DATA SEGMENT:
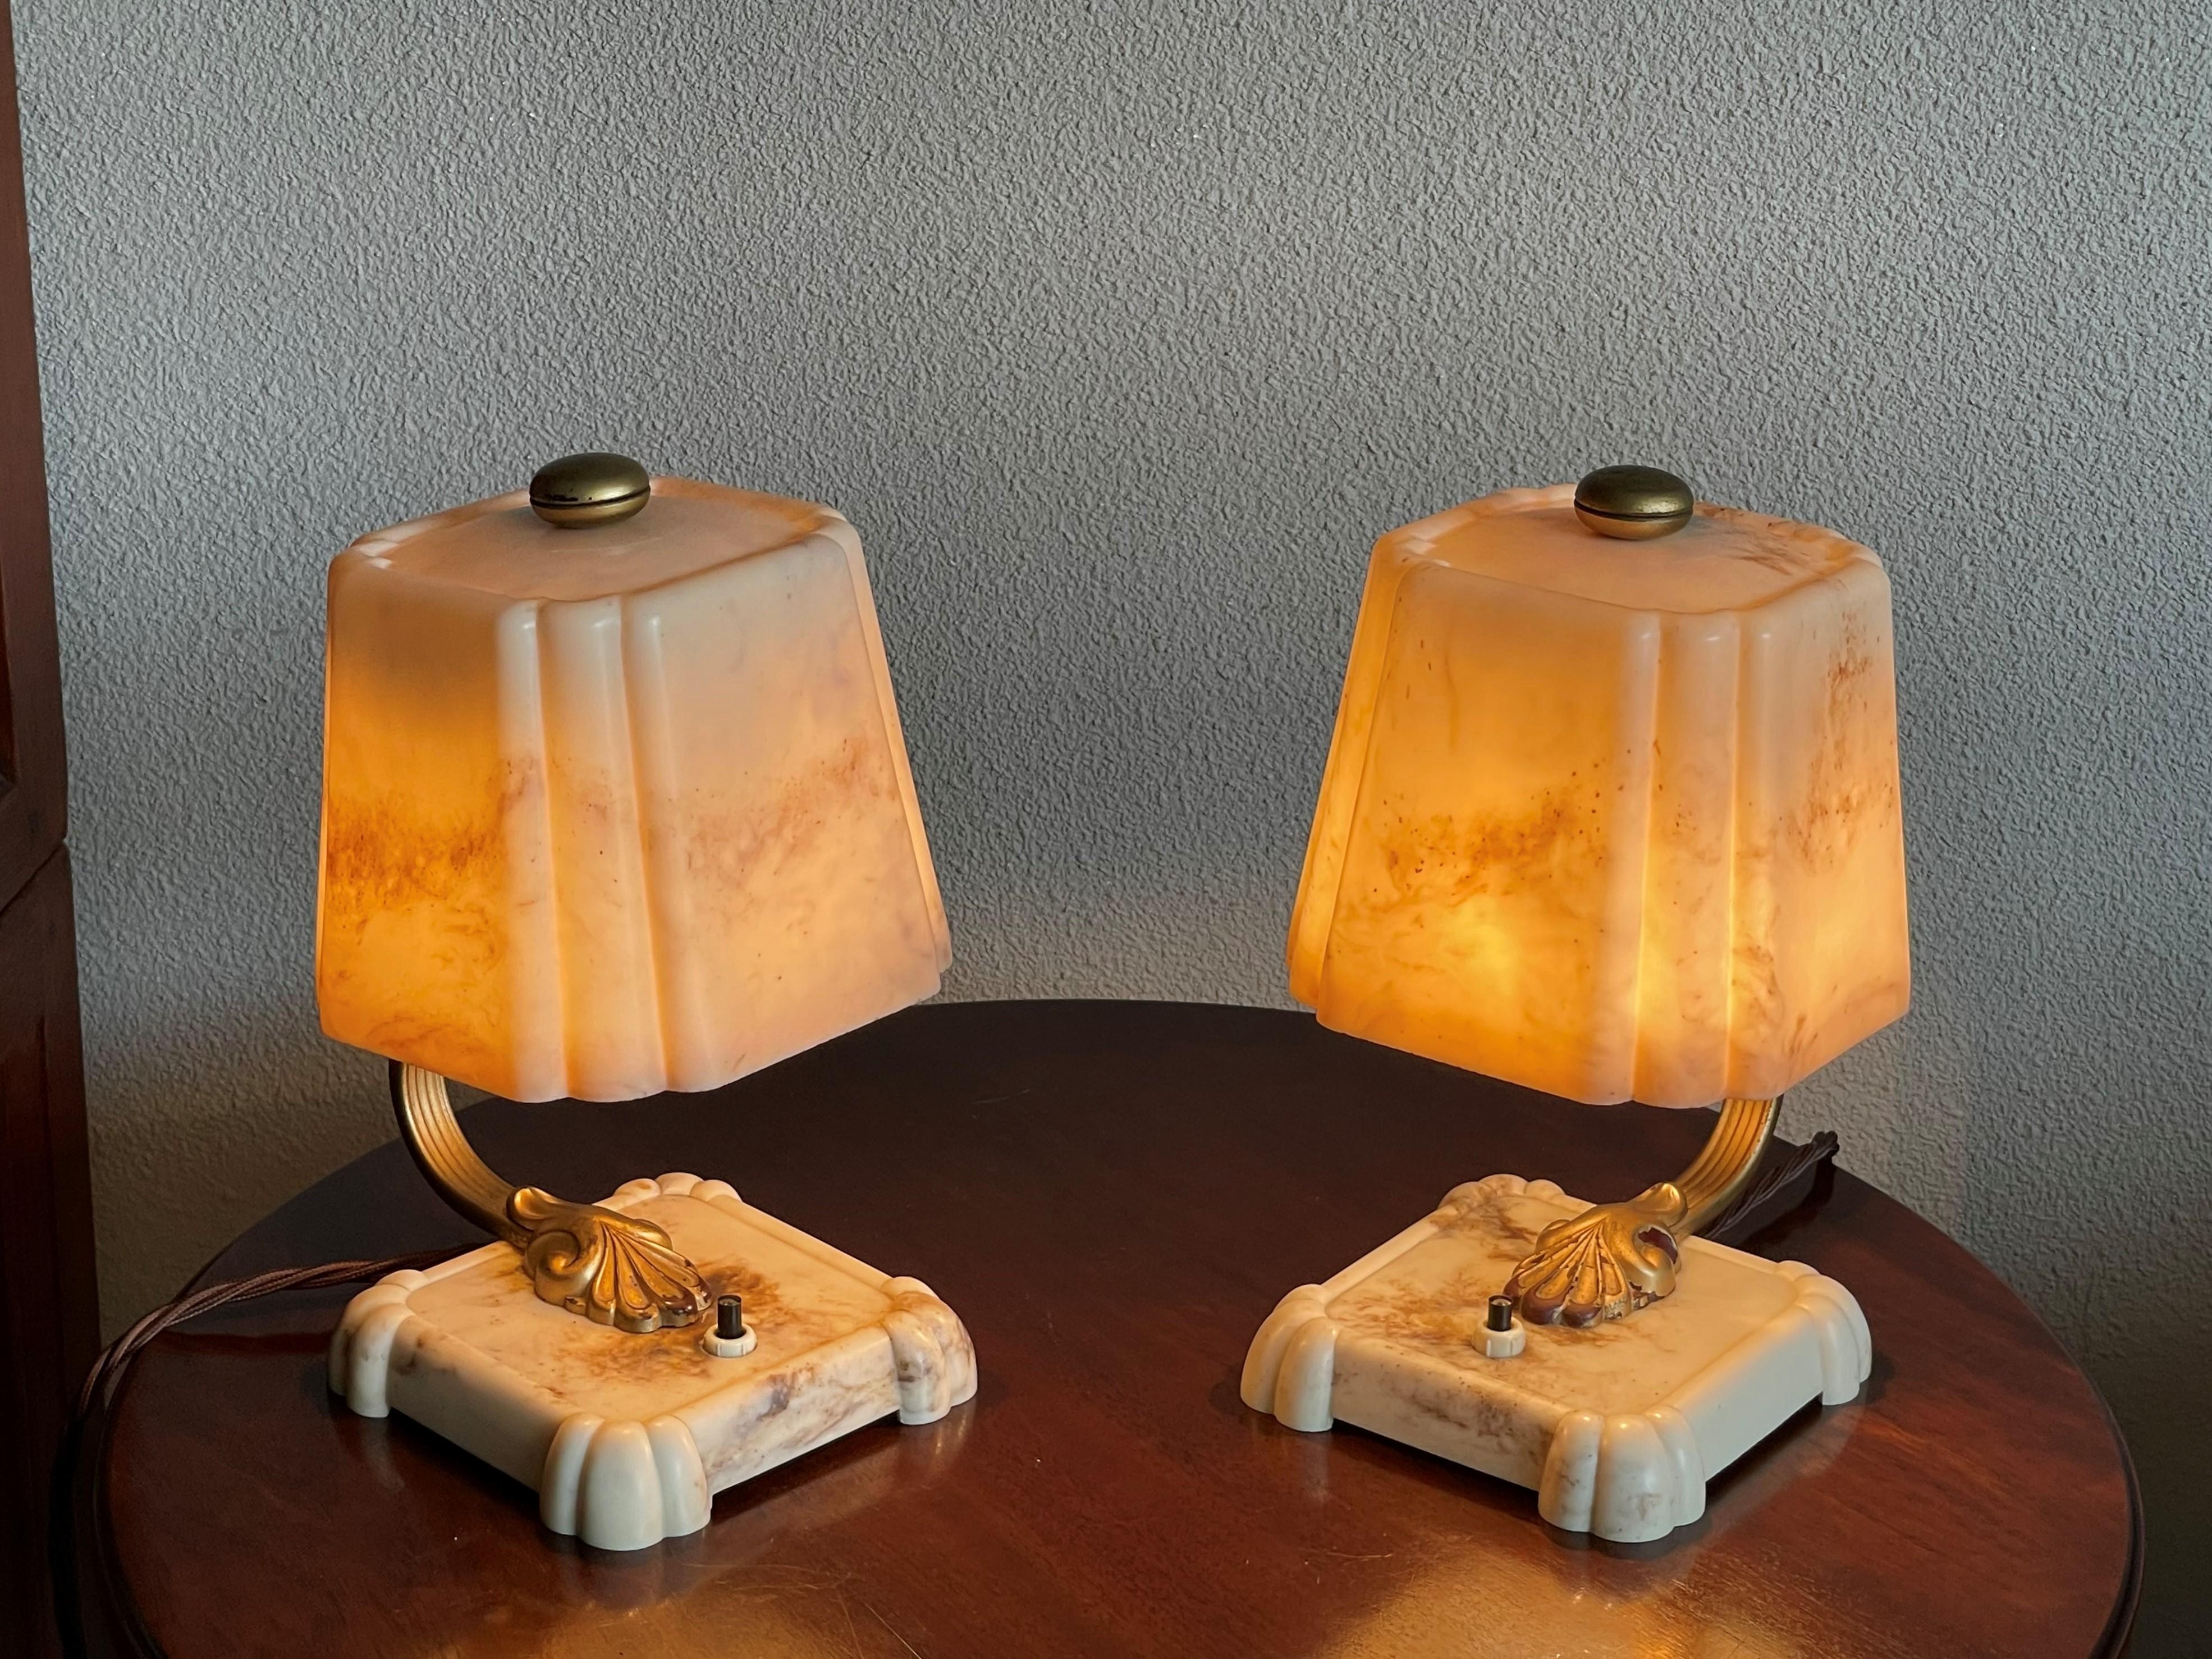 Very rare and great looking pair of real Bakelite lamps.

With early twentieth century lighting being one of our specialties, we know how hard it is to find pairs of Art Deco era table lamps. To have found a matching pair of Bakelite ones (!) in the
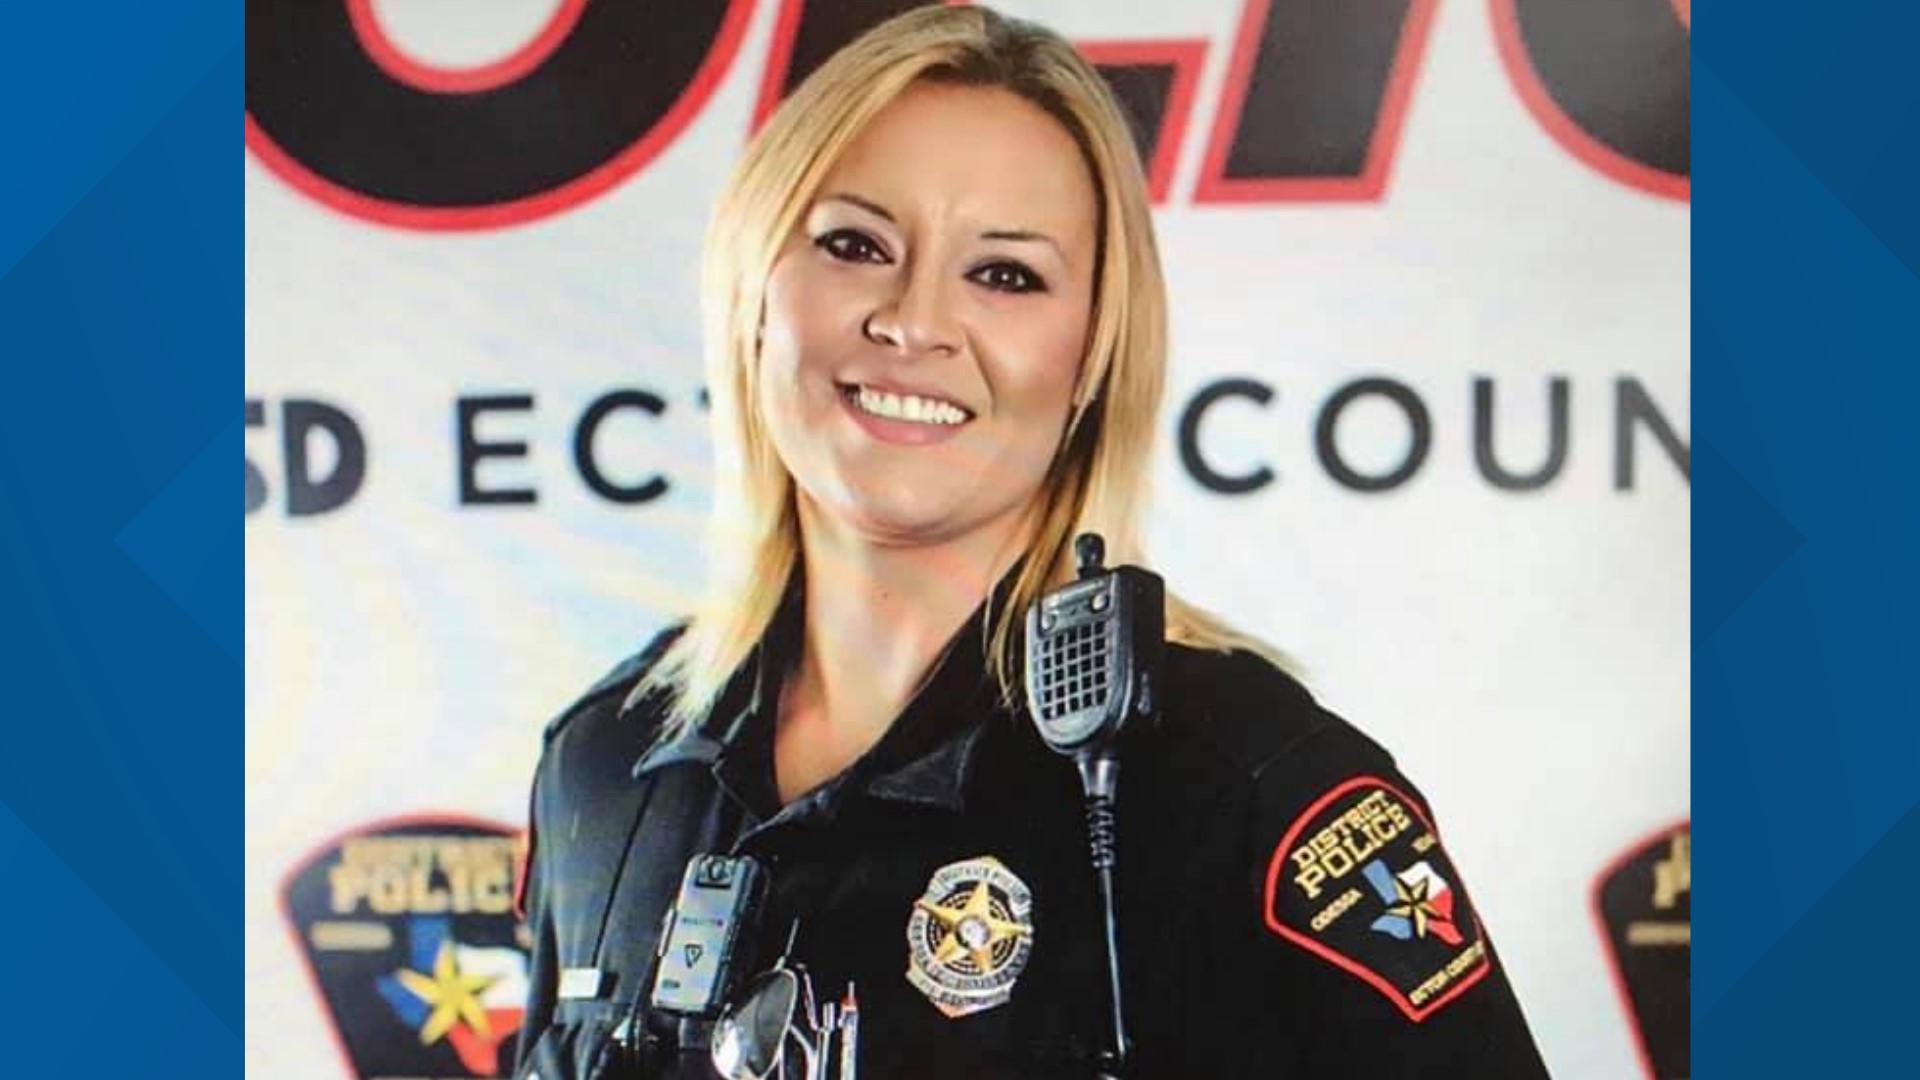 Officer Misti Waldrop had been fighting lung cancer after being diagnosed in late 2017.

WHAT THIS TASK INVOLVES: Word for word, write out the whole listing, keeping none of the pictures.

OUTPUT:
 Very rare and great looking pair of real Bakelite lamps.

With early twentieth century lighting being one of our specialties, we know how hard it is to find pairs of Art Deco era table lamps. To have found a matching pair of Bakelite ones (!) in the
 Officer Misti Waldrop had been fighting lung cancer after being diagnosed in late 2017.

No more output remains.